Há dez anos, o Benfica dá um golpe de autoridade na Liga com um golo limpo (e teimosamente discutido).
O aviso é dado naquela noite de 26 de Janeiro, num emocionante espectáculo de 120-e-tal minutos na Luz. Aos 23’, já há 2-2. Paíto entorta Luisão aos 110’ e Tiago encaixa o 3-3 de Simão aos 117’. Vamos para penáltis. Os 13 primeiros remates traduzem-se em golo, o 14.º esbarra na trave (Miguel Garcia). Passa o Benfica, chora oSporting. A mesma dinâmica manter-se-ia em Maio, mais precisamente na noite de sábado, dia 14.
Benfica e Sporting jogam o título de campeão nacional na penúltima ronda. AoSporting (61 pontos), basta o empate para manter o primeiro lugar antes de receber a final da Taça UEFA e depois o Nacional para um eventual final feliz. Já o Benfica (61 pontos, mas atravessado com a derrota de Alvalade na primeira volta) está obrigado a ganhar para dar a volta ao texto.

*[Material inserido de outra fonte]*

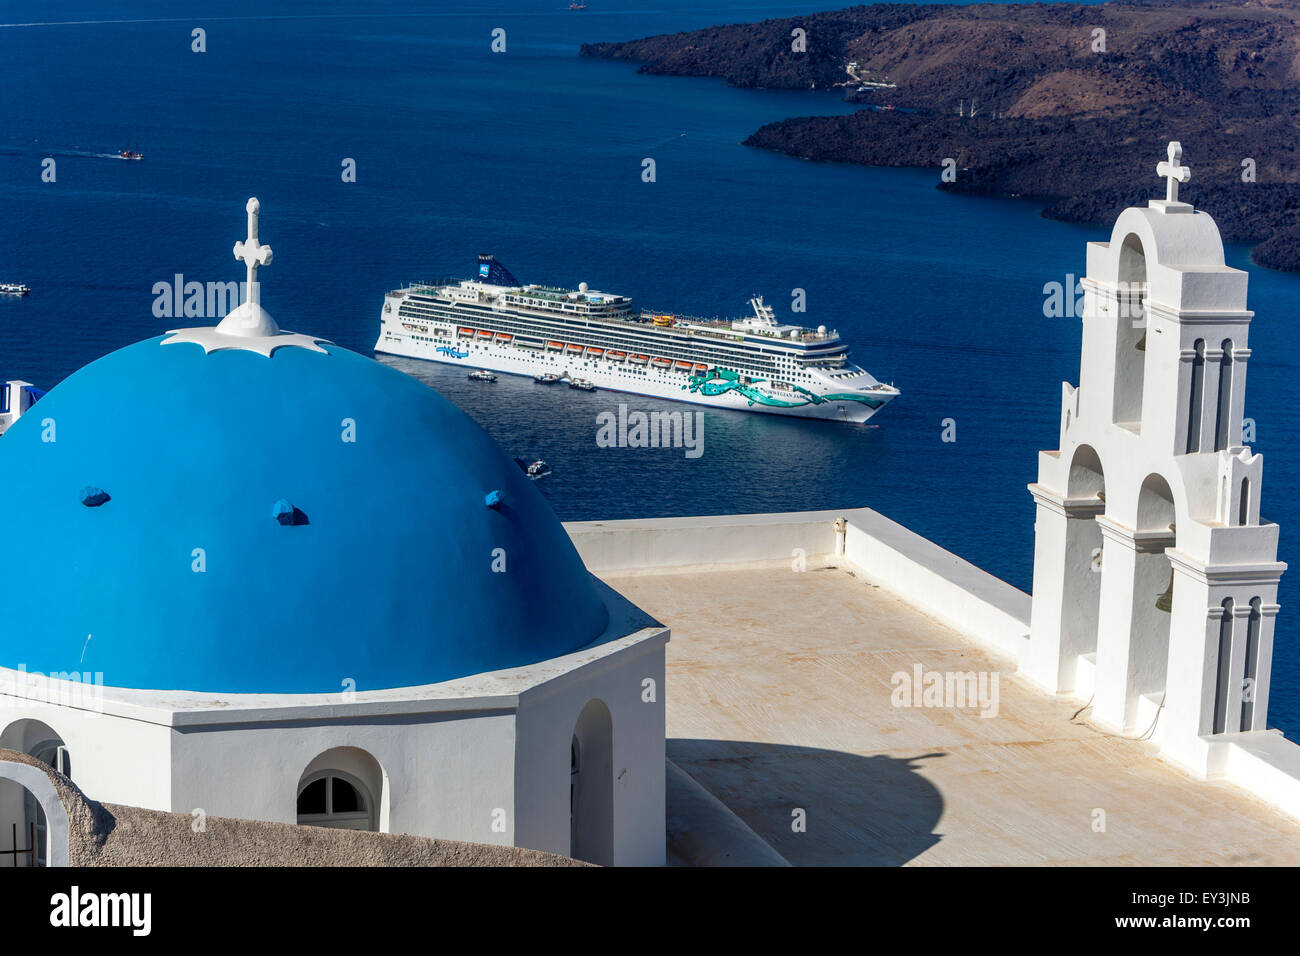 Santorini blaue Kuppel und Glockenturm über dem Meer Firostefani Santorini, griechische Insel Griechenland Inseln und festgemacht Kreuzfahrtschiff Stockfoto

Giovanni Trapattoni joga com o onze-tipo desde o estrondoso 4-1 no Restelo, em Dezembro. Assim, é Quim; Miguel, Luisão, Ricardo Rocha e Dos Santos; Petit e Manuel Fernandes; Geovanni, Nuno Assis e Simão; Nuno Gomes. No outro lado, José Peseiro aposta em Ricardo; Miguel Garcia, Polga, Beto e Rui Jorge; Rochemback, Custódio e Moutinho; Douala, Sá Pinto e Barbosa. Ué, e Liedson? Esse está fora. Quando Tello, na jornada anterior, desbloqueia o 0-0 com o Vitória de Guimarães e o Sporting atira-se à liderança da liga, na sequência do surpreendente 1-0 de N’Doye (Penafiel) ao Benfica. Só há um senão: o amarelo de Olegário a Liedson aos 90+2 minutos por pontapear uma bola que já está fora. O cartão acarreta suspensão e o melhor marcador do campeonato não vai à Luz.
À partida, nada de anormal: sem o brasileiro, o Sporting vira a eliminatória com o Newcastle (4-1) e dá espectáculo em Braga (hat-trick de Pinilla, 3-0). Com o Benfica, tudo diferente. E é Luisão, o homem mais sofredor de sempre na marcação individual a Liedson nos dérbis anteriores (e até posteriores), quem assina o 1-0 para desespero do guarda-redes Ricardo. O famoso lance é aos 83’19’’.
Falta de Pinilla sobre Ricardo Rocha, livre de Petit para a molhada e entrada fulgurante de Luisão. O guarda-redes doSporting também se sai e a bola entra. O árbitro Paulo Paraty não hesita em assinalar o meio-campo como ponto de partida sem retorno mas... “Estava bem posicionado e não detectei qualquer irregularidade. No momento subsequente, e quando o Ricardo me deu a palavra de honra de que o Luisão teria marcado o golo com a mão, tive uma ligeira hesitação e confirmei a decisão com o meu assistente José Ramalho. O modo afirmativo como o Ricardo se dirigiu a mim criou-me alguma dúvida quanto à possibilidade de o golo ter sido com a mão.”
Ricardo convive mal com a decisão. Na zona mista, o guarda-redes diz de sua justiça. “Qualquer contacto mínimo que haja com o guarda-redes é sempre falta. E agora até nem foi um contacto mínimo, porque caí de costas.”
Voltamos a Paraty. “Há duas coisas que têm sido ditas: o guarda-redes não pode é ser carregado; e não é proibido que no movimento de corpos – e o Luisão até está pela frente do Ricardo – haja qualquer contacto sem interferência no lance. Importante é dizer-se que, à excepção de dois/três, os jogadores do Sporting deram-me os parabéns.”
O i telefona a Beto, espectador atento a esse lance – e expulso aos 87’. “Xiii, da próxima vez, telefona-me para uma memória boa, está bem ò Rui?” De seguida, cá vai disto. “É daqueles dias em que tu acabas o jogo e queres refugiar-te no teu canto, sabes? Só precisávamos do empate e aquele golo, a dez minutos do fim, deitou-nos abaixo. Não conseguimos reagir nem dar a volta.” De tal maneira que oSporting até acaba em 3.º lugar (4-2 do Nacional em Alvalade), atrás do Porto (1-1 com a Académica no Dragão) e do campeão Benfica (1-1 no Bessa).